# Hippy Hippy Shakes all gone...



## SwamperGene (Dec 1, 2003)

Anyone notice the fix in the R4 chassis? Axles are still loose in the holes as before, back end shakes are gone. 

AW actually made an obviously deliberate modification.


----------



## A/FX Nut (May 28, 2004)

I'm gonna ask a dumb question. Is this the release before the current Ultra G release? If so I'll look into it. I've been tuning some JL / AW Tuff Ones for an upcoming race at my home. Randy.


----------



## dlw (Aug 17, 1999)

If Swamper is referring to the Thunderjets, R4 is the Ultra G's.

Swamper, you may want to remove the magnet to be sure your chassis is smooth. I removed my neo-dots and the chassis did have a little wobble, caused by out-of-round rims. Quickly replaced them, now it runs smooth.


----------



## SwamperGene (Dec 1, 2003)

Actually I have a thread going on about the issue at my place.

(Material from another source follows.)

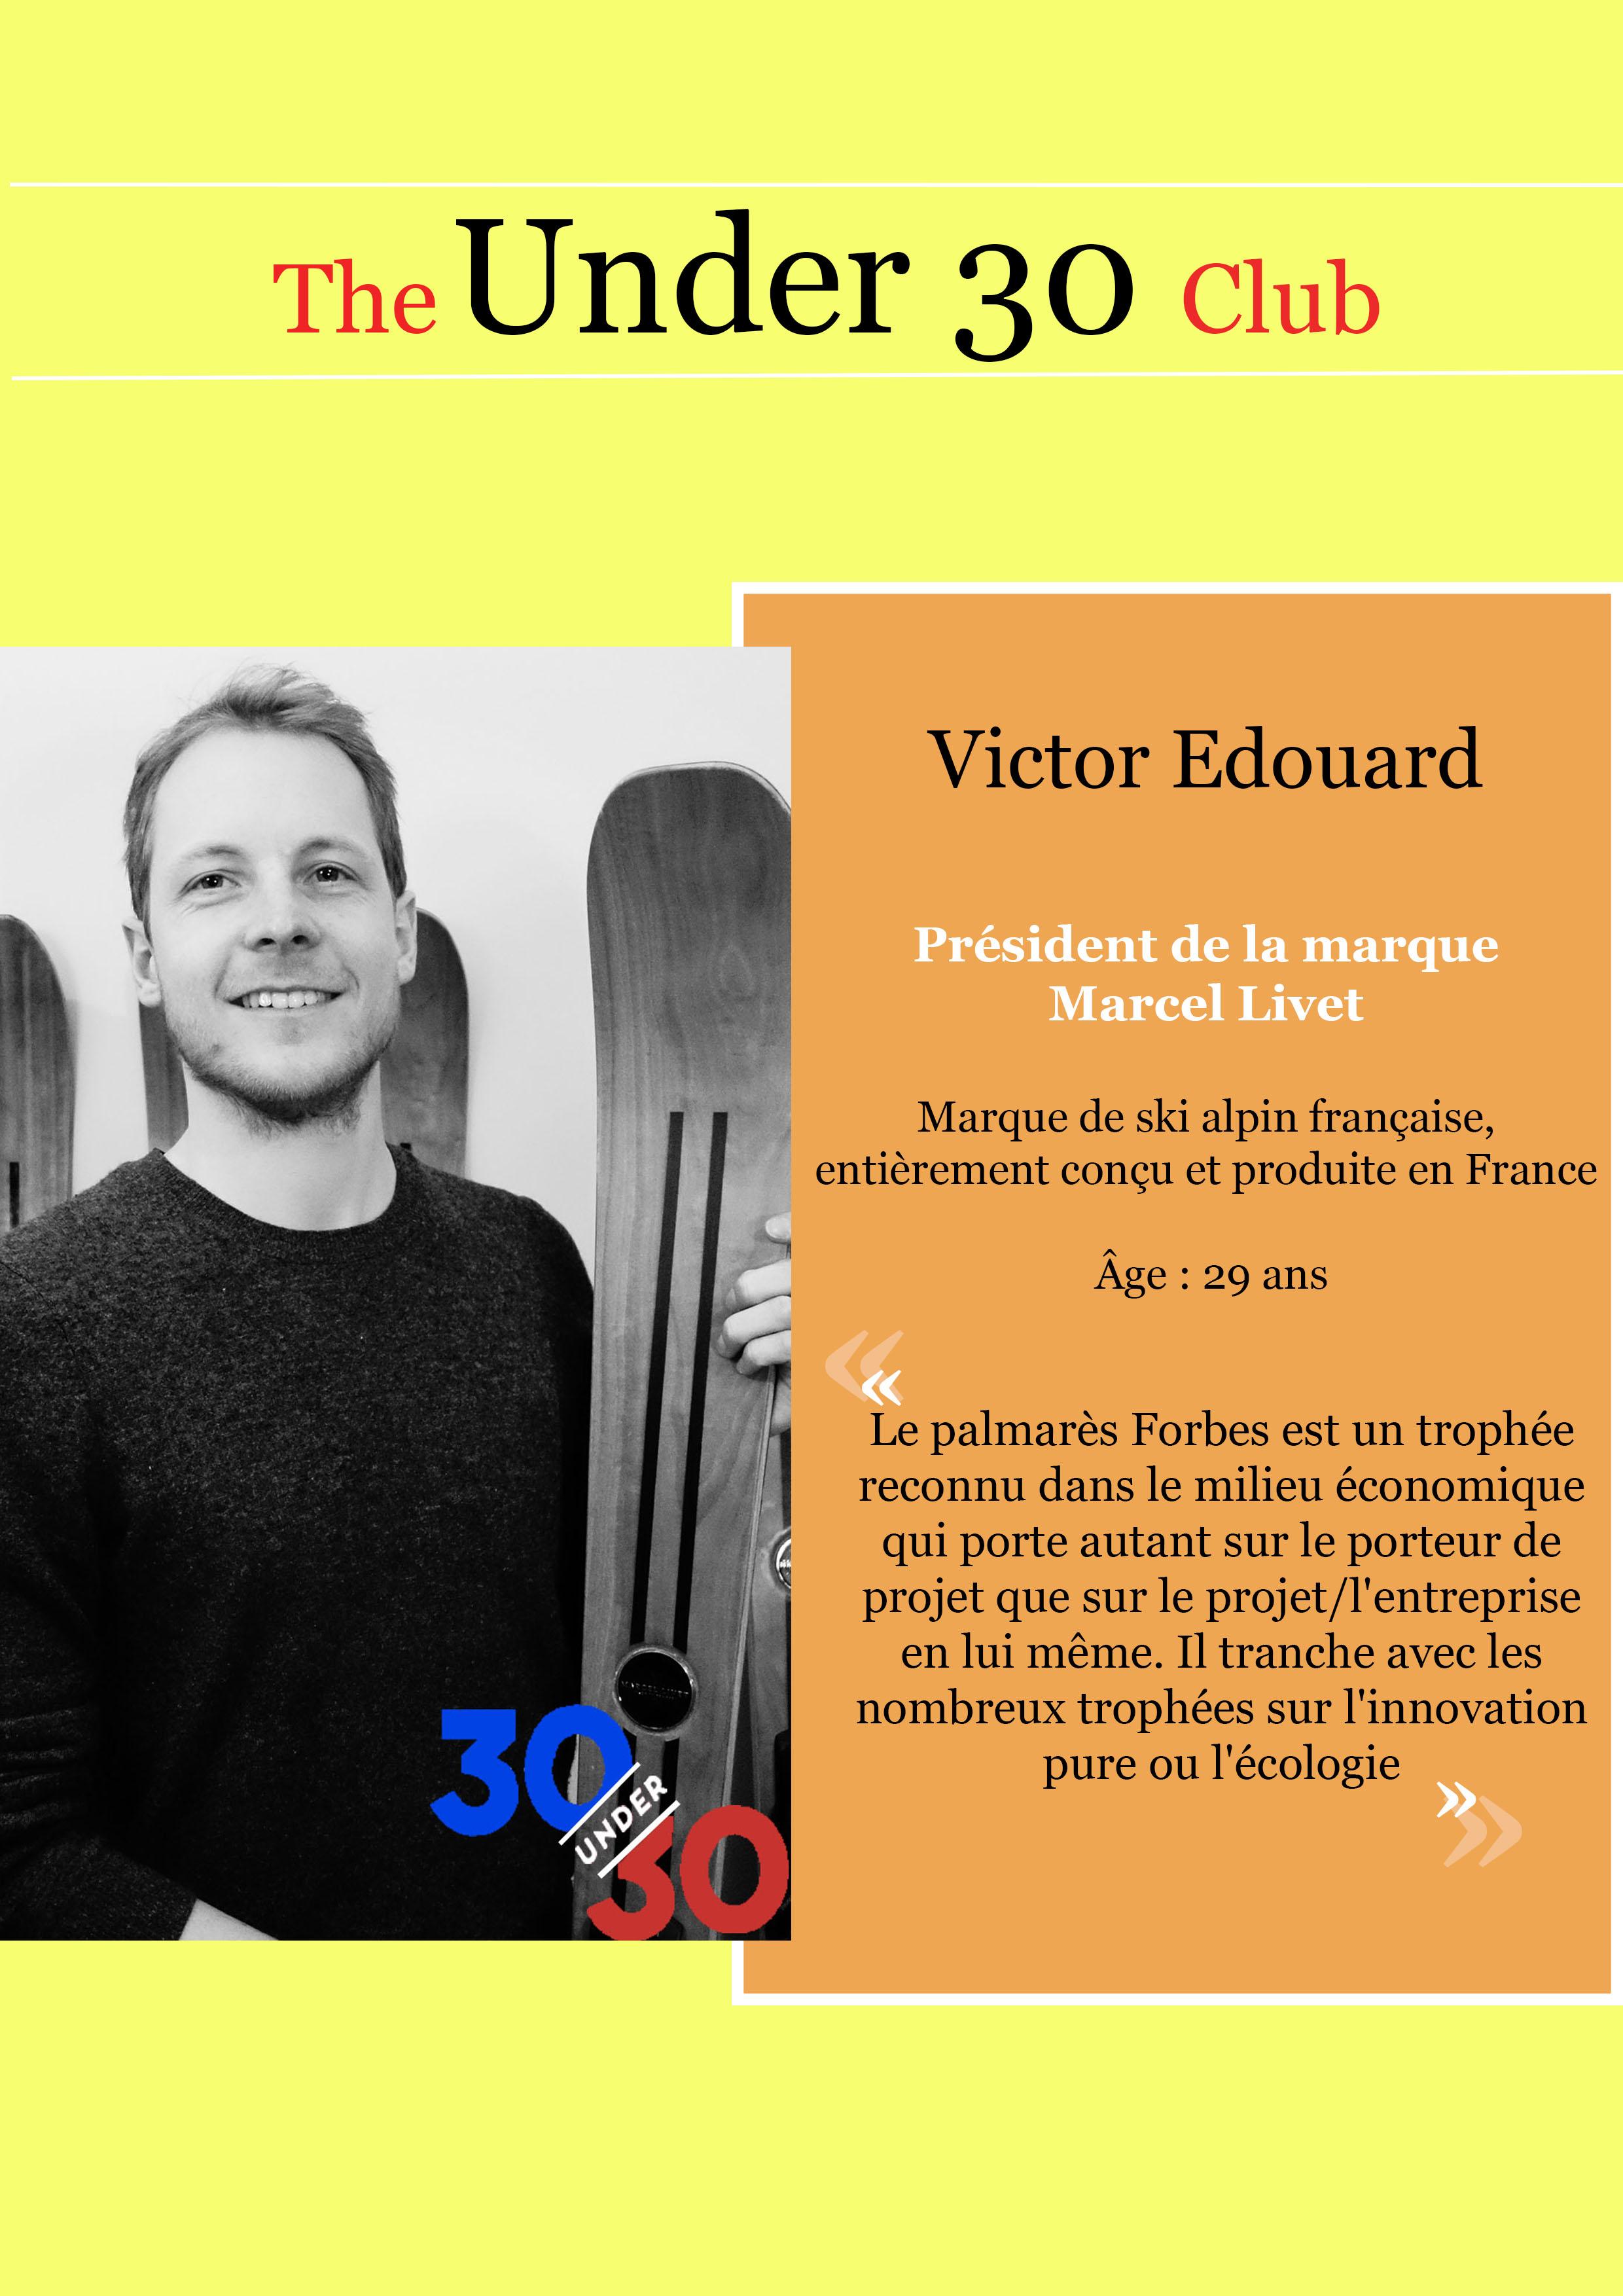 Victor Edouard

dlw I'm on a roll with 'em...still haven't taken a body off, only put on better rears tires and trued the fronts and they keep gettin' better (maybe I should oil 'em too, come to think of it :lol: ).
I gots an old KF dyno I set up for HO, I'll see how they do on that :dude:


----------



## noddaz (Aug 6, 1999)

*Good problem solving Gene...*

I would have never picked up on the axle splines hitting the chassis...
Clever.. Very clever...
And BTW, what is in the picture above this post?
A chassis barometer? :lol: (Excuse my sarcasm... It's meant as a joke)
Actually that is the strangest chassis dyno that I have seen...
Please explain its operation to this poor ignorant racer...


Scott


----------



## Bill Hall (Jan 6, 2007)

*'Tanks Gene*

Great stuff ya wiley 'Gator!  

The brunt of which is "clearancing", and assume nothing... FUNDAMENTALS!

Quite a few nuggets in there Gene. The difference between loaded and unloaded clearance is a factor often overlooked. As a tuner clearancing is not a given... it's your duty.

Thanks for taking the time and sharing. Yer site's a kick cuz it always has valuable intel and choice tidbits. :thumbsup:

Never did like those axles myself. They look like sumthin' that was extruded from my grandyuns playdough machine using the star attachment!


----------



## SwamperGene (Dec 1, 2003)

Thanks for the kudos guys!  


Bill, LMAO....Playdough axles....too funny!

Scott, the dyno is an old 1/32 tool from way back. 

I got turned onto it by a big name racer...it's what he uses all the time. (ok...it was slotking :jest: ). 

I'll do a write-up on it later, with pics and I think I can post flash movies on my board, I have a couple vids of cars running on it.


----------



## dlw (Aug 17, 1999)

An easy fix to the axle-splines clearance problem is to replace the AW axles with NOS Afx-MT or Aurora G+ rear axles. the splines aren't as pronounced, and those axles are slightly thicker than AW axles, so they'll fill the hole better, cutting down on slop, without contacting the underside above the axle.


----------